■ **TASK DIRECTIONS**
Here is a listing, set out below; repeat its lines from the one with "Autumn background. Large" to the last, both included, and leave out the pictures.

■ **SUPPLIED DATA**
BEGIN
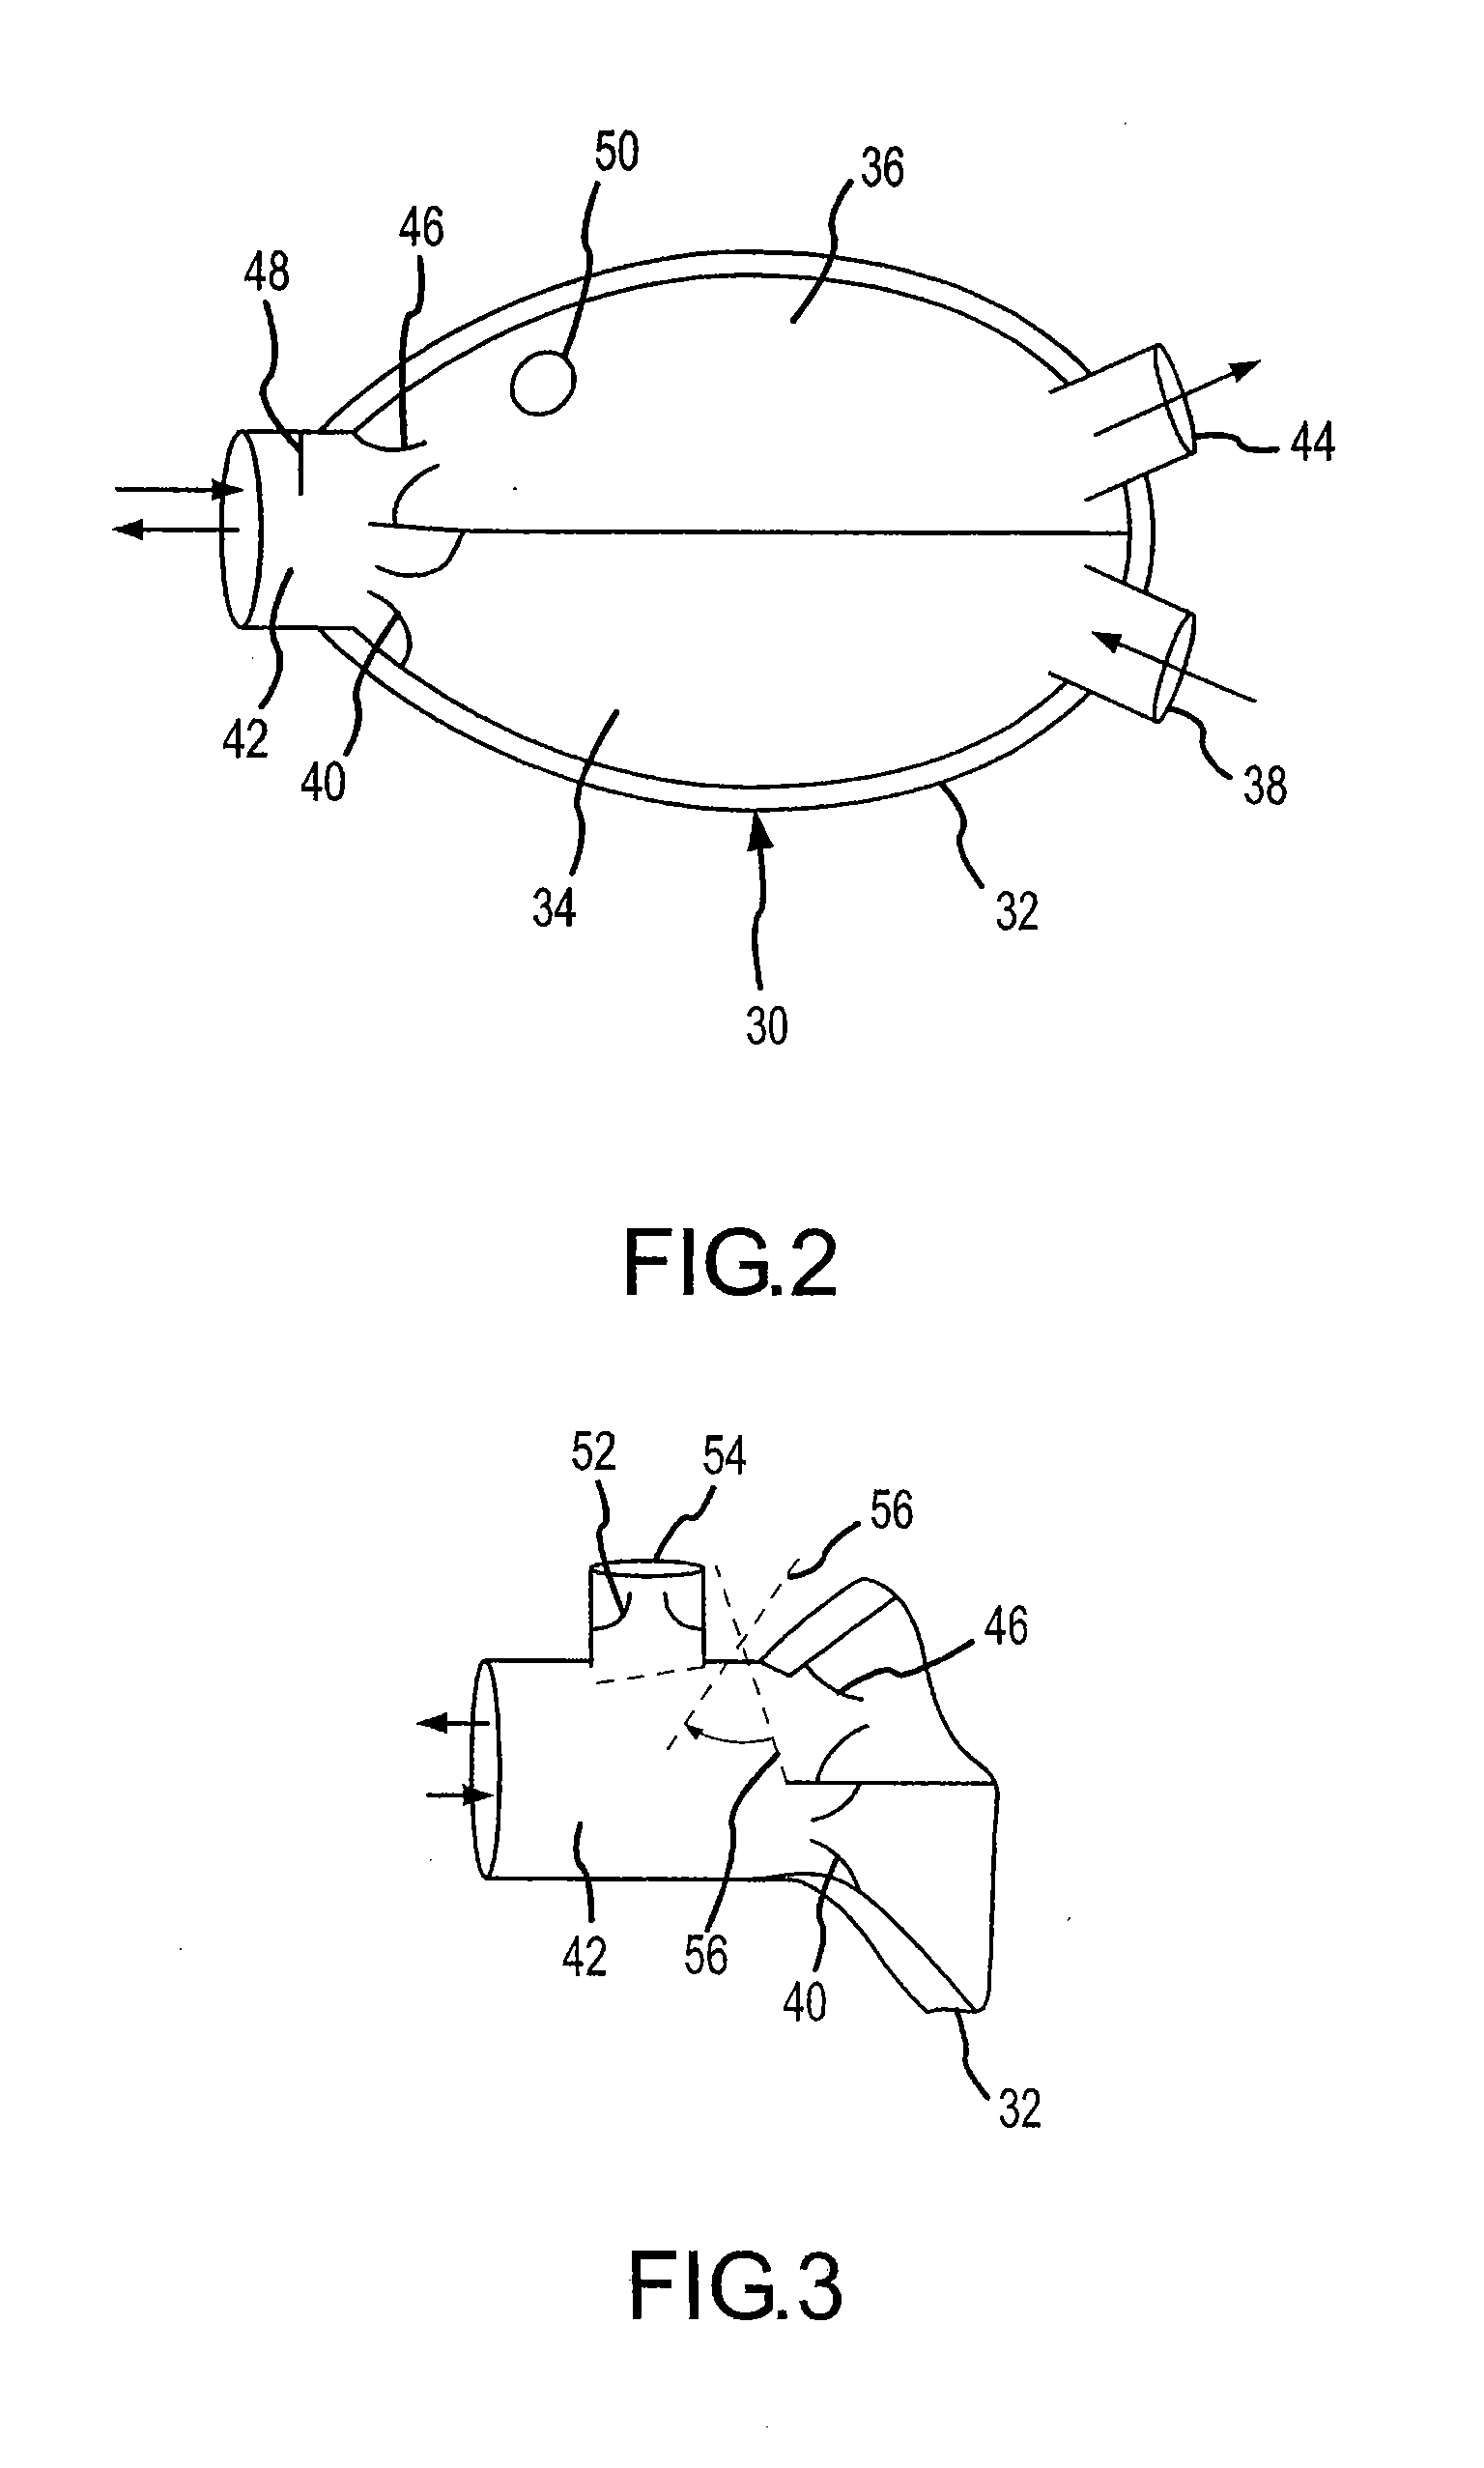 Cpr devices and methods utilizing a continuous supply of respiratory gases
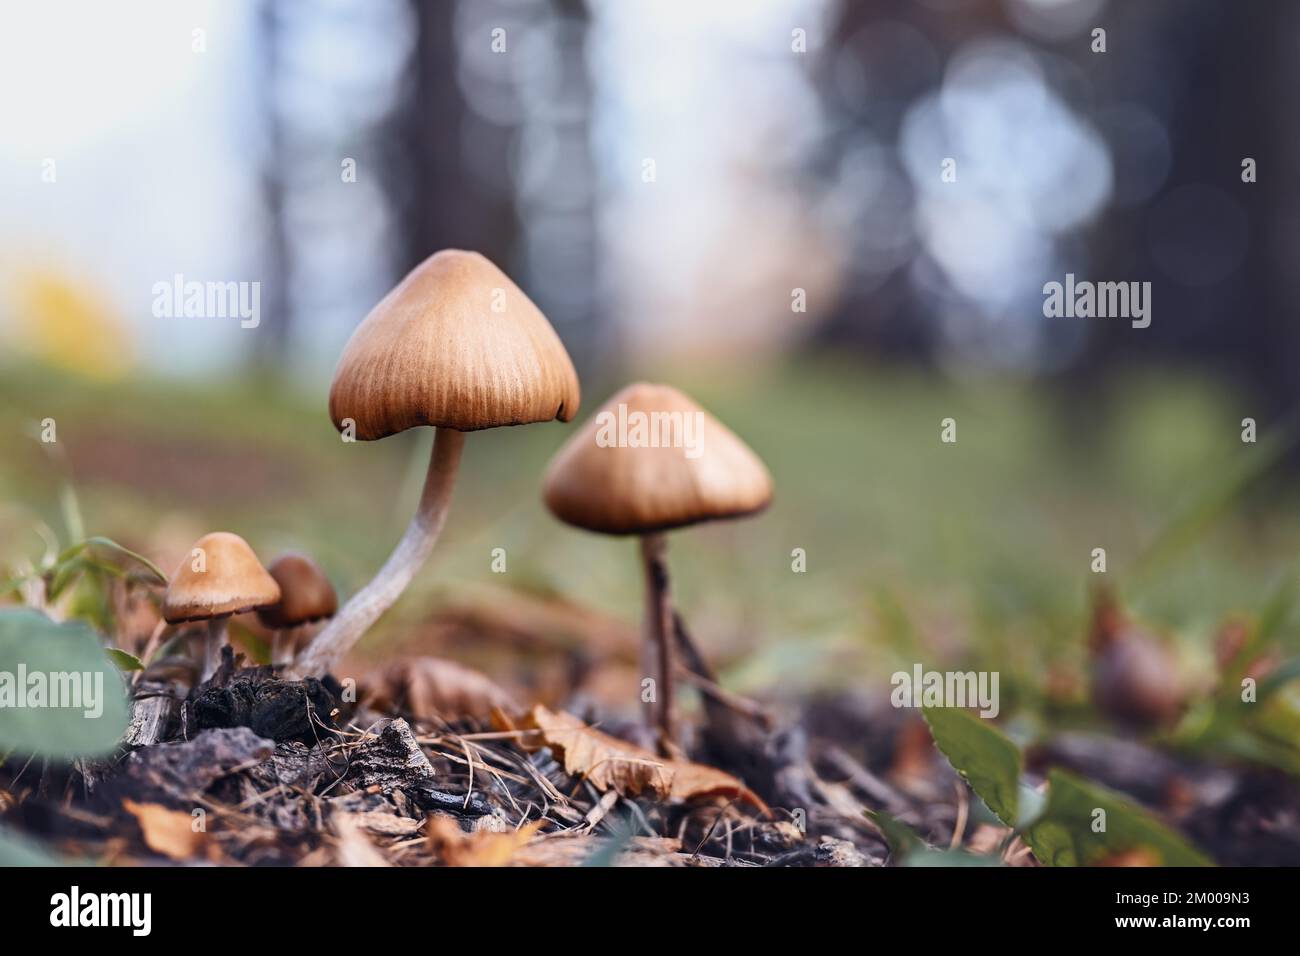 Autumn background. Large and small mushrooms (family of mushrooms) in the autumn forest. Place for text. Stock Photo
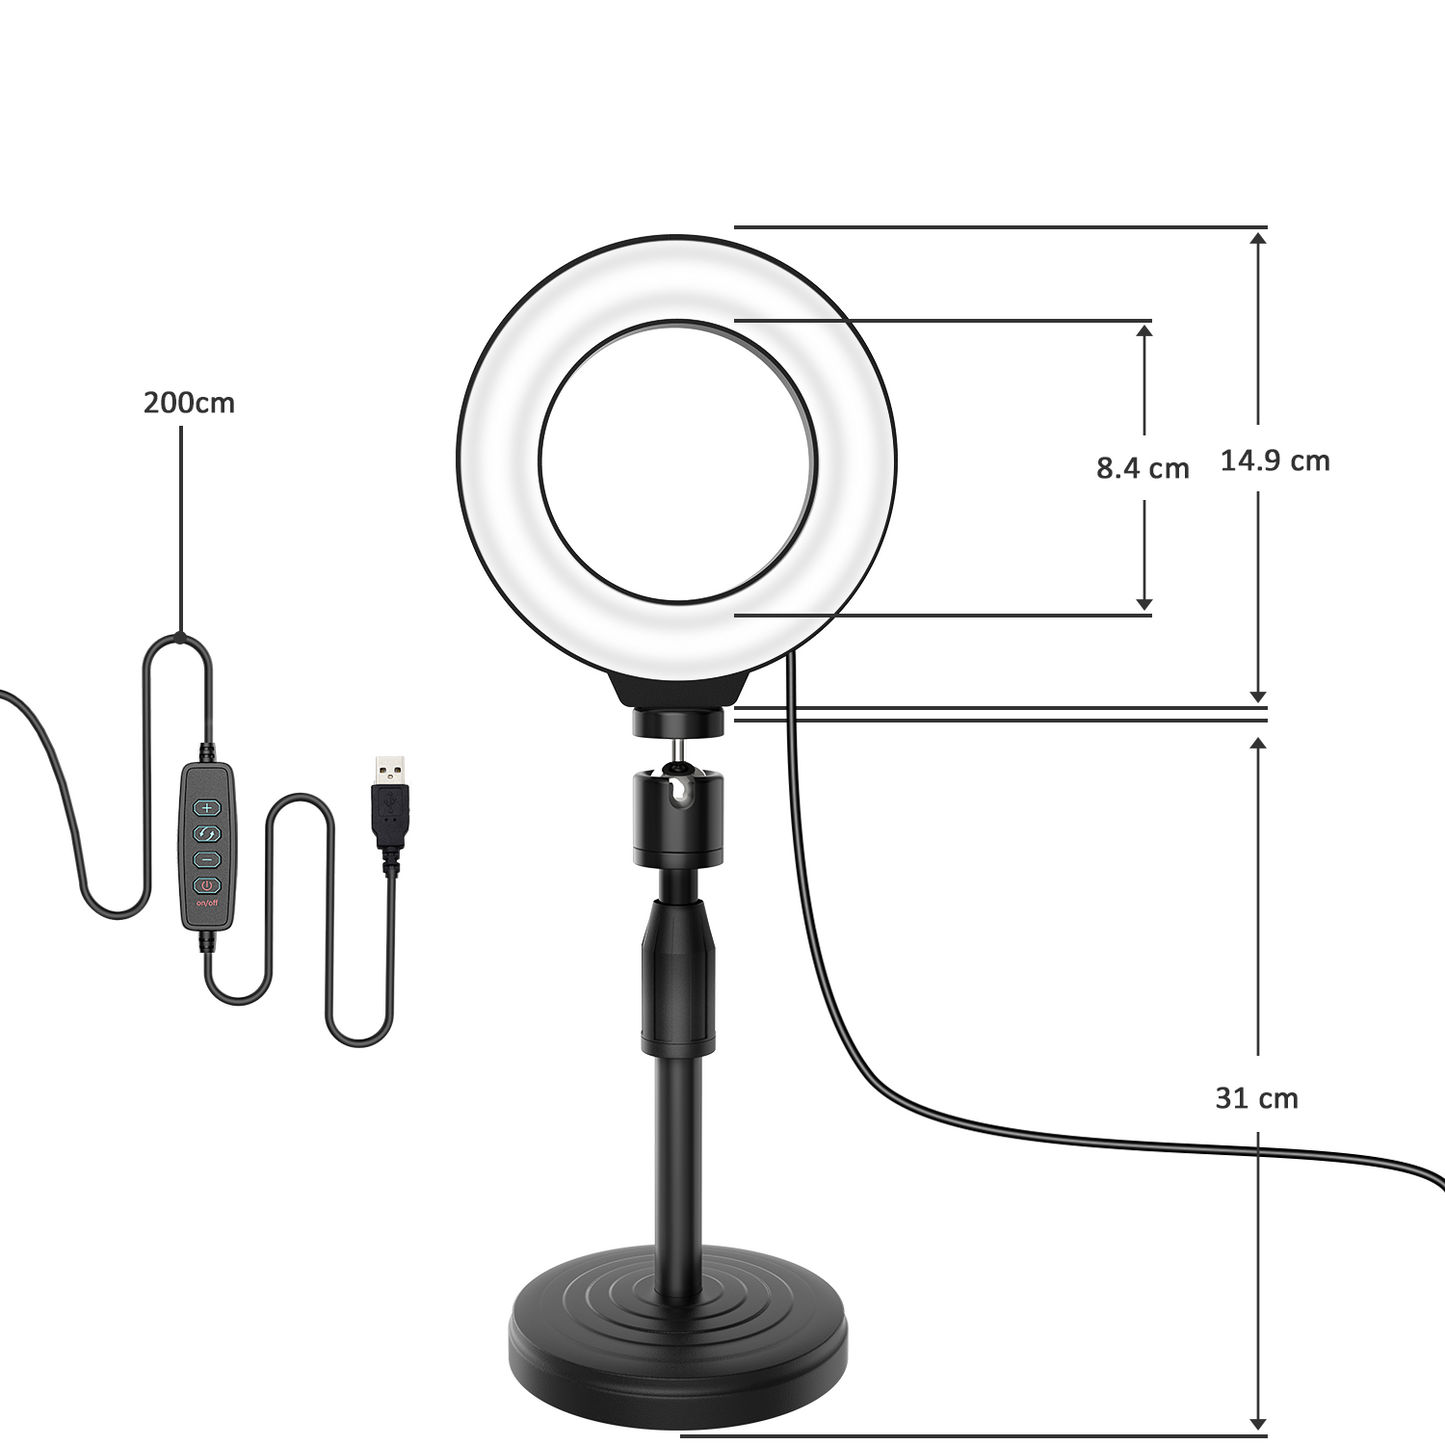 Jeemak 6'' Selfie Ring Light with Stand Desktop LED Circle Light for Phone Computer 3 Colors USB Ringlight with Remote Control For Photography Makeup YouTube Video TikTok Live Stream
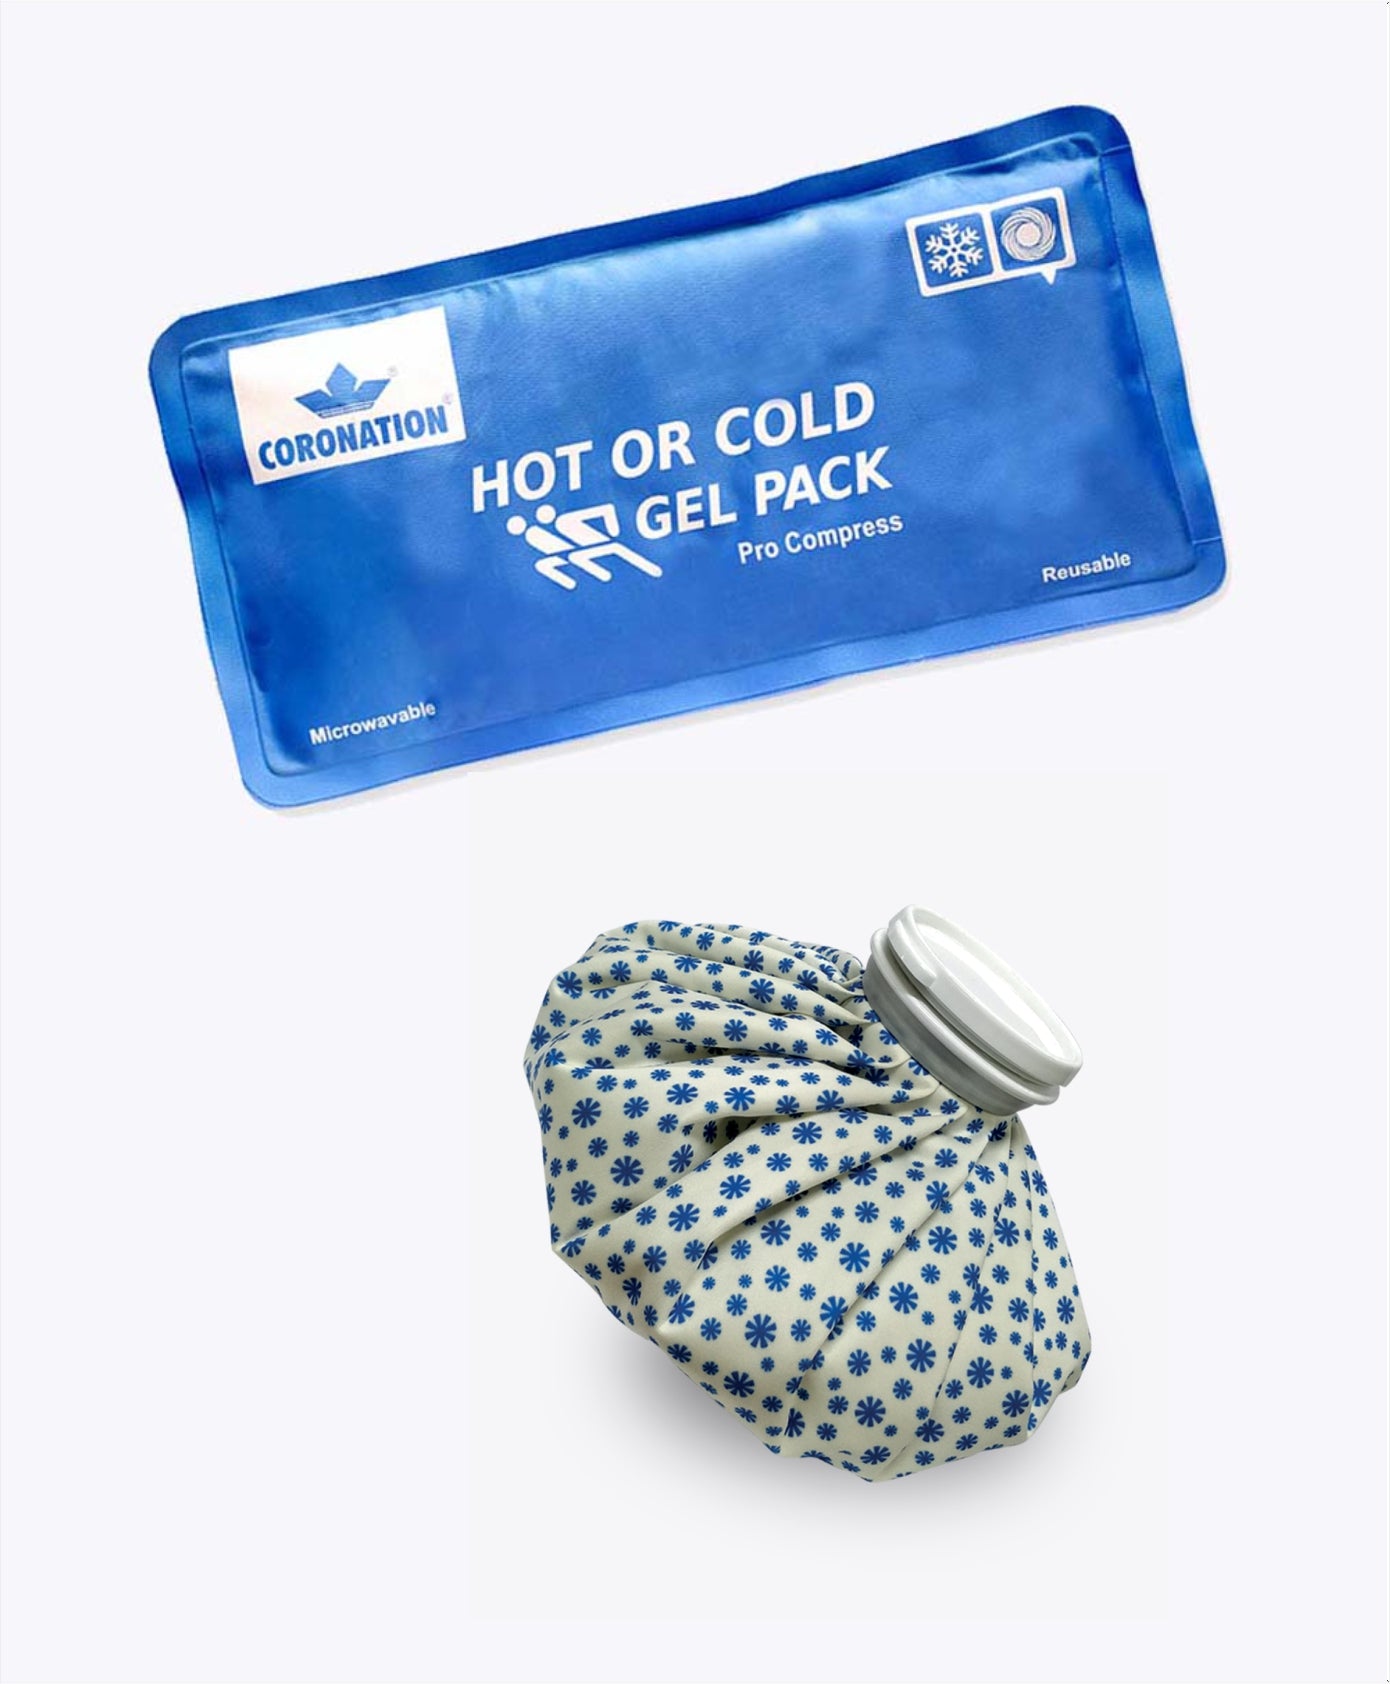 Coronation Ice Bag + Hot & Cold Gel Pack - Pro Compress Combo
END
■ **WRITTEN ANSWER**
 Autumn background. Large and small mushrooms (family of mushrooms) in the autumn forest. Place for text. Stock Photo
 Jeemak 6'' Selfie Ring Light with Stand Desktop LED Circle Light for Phone Computer 3 Colors USB Ringlight with Remote Control For Photography Makeup YouTube Video TikTok Live Stream
 Coronation Ice Bag + Hot & Cold Gel Pack - Pro Compress Combo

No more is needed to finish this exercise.